You might need a CRT to properly recreate the look of a 90s UI.

mardifoufs|10 months ago

I agree that it is charming when I want to tinker with stuff. But if it's for "real world " usage, I don't think that being charming matters a lot. I mean, it really depends, not everything has to be about "serious" usage but if it's the intended goal then I think that good font rendering is something that still matters a lot.

I still use chrome sometimes for example just because it seems to have a better font rendering (on Linux but also on Windows) than Firefox. It's completely irrational in a way but it does matter sometimes

immibis|10 months ago

You can always turn it off.
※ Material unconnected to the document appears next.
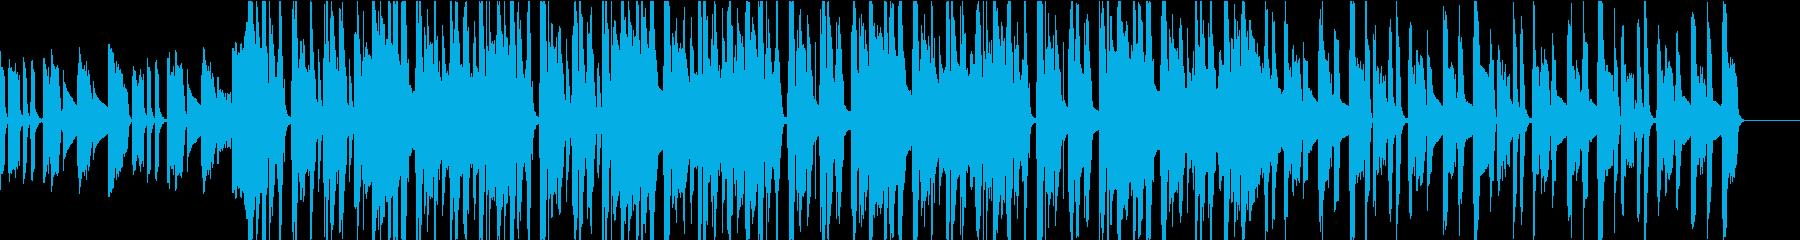 低音がバキバキうねるFUNKYサウンドの再生済みの波形
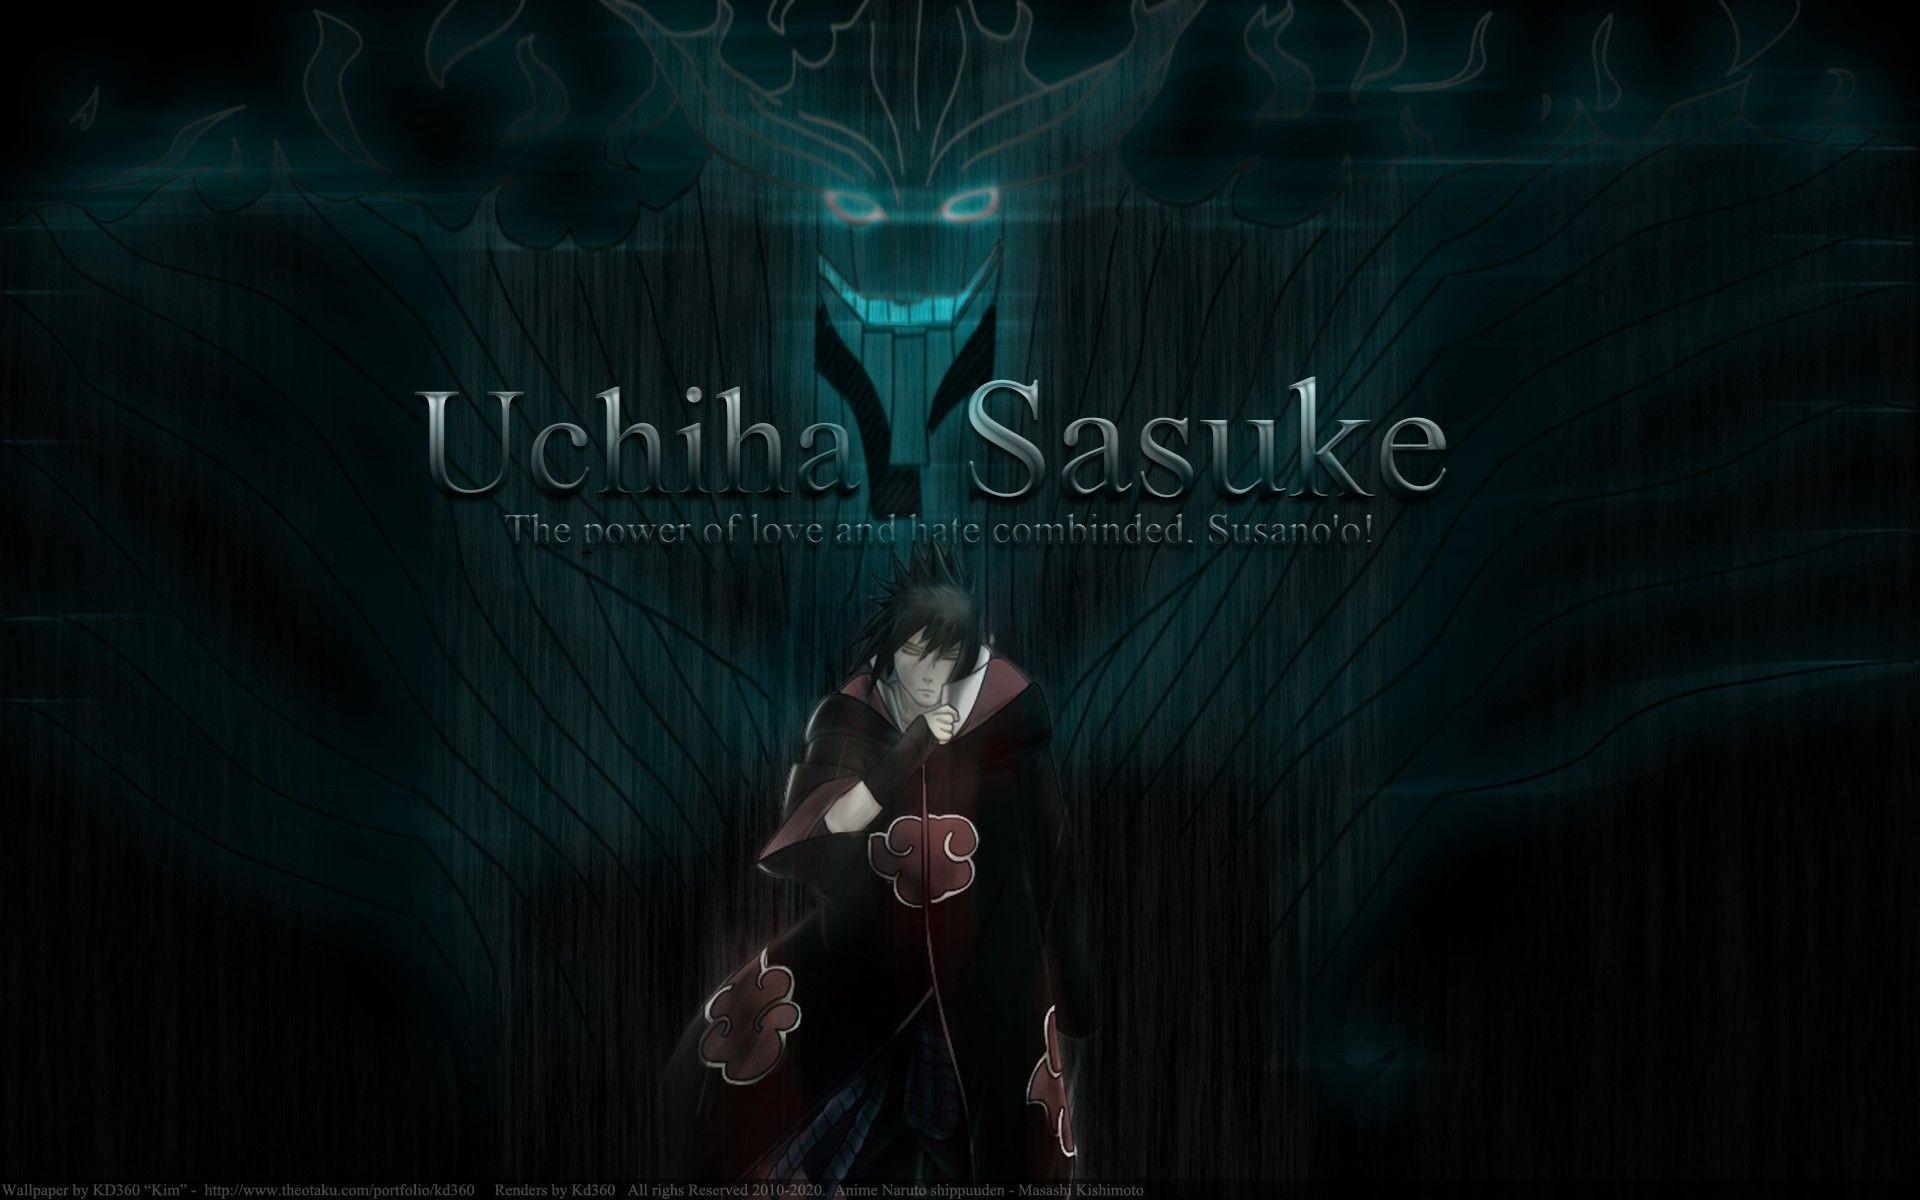 Sasuke Uchiha Wallpaper HD

I don't think lack of antialiasing is what gives these UIs their character.

noja|10 months ago

The screenshot with the wrong width+height values is not helping appearances.

cjbgkagh|10 months ago

AFAIK there was a case being made at the time that the animations were to provide predictability in performance, users get into a bit of a rhythm and it was better to slow everything down a bit to lower the overall variance of response. This made more sense when HDDs were slow.

mvdtnz|10 months ago

> What I dislike the most on modern UI, and maybe absolutely hate, are all those super slow animations.

I get it, and I agree. But what I personally hate the most on modern UIs is hiding things. Why aren't my scroll bars visible when I'm not interacting with them (and even when visible, are ridiculously small and low-contrast)? Why does IntelliJ hide the buttons for interacting with tool windows until I mouse over where they should be? Why does MacOS hide my application launcher bar by default? Stop hiding things!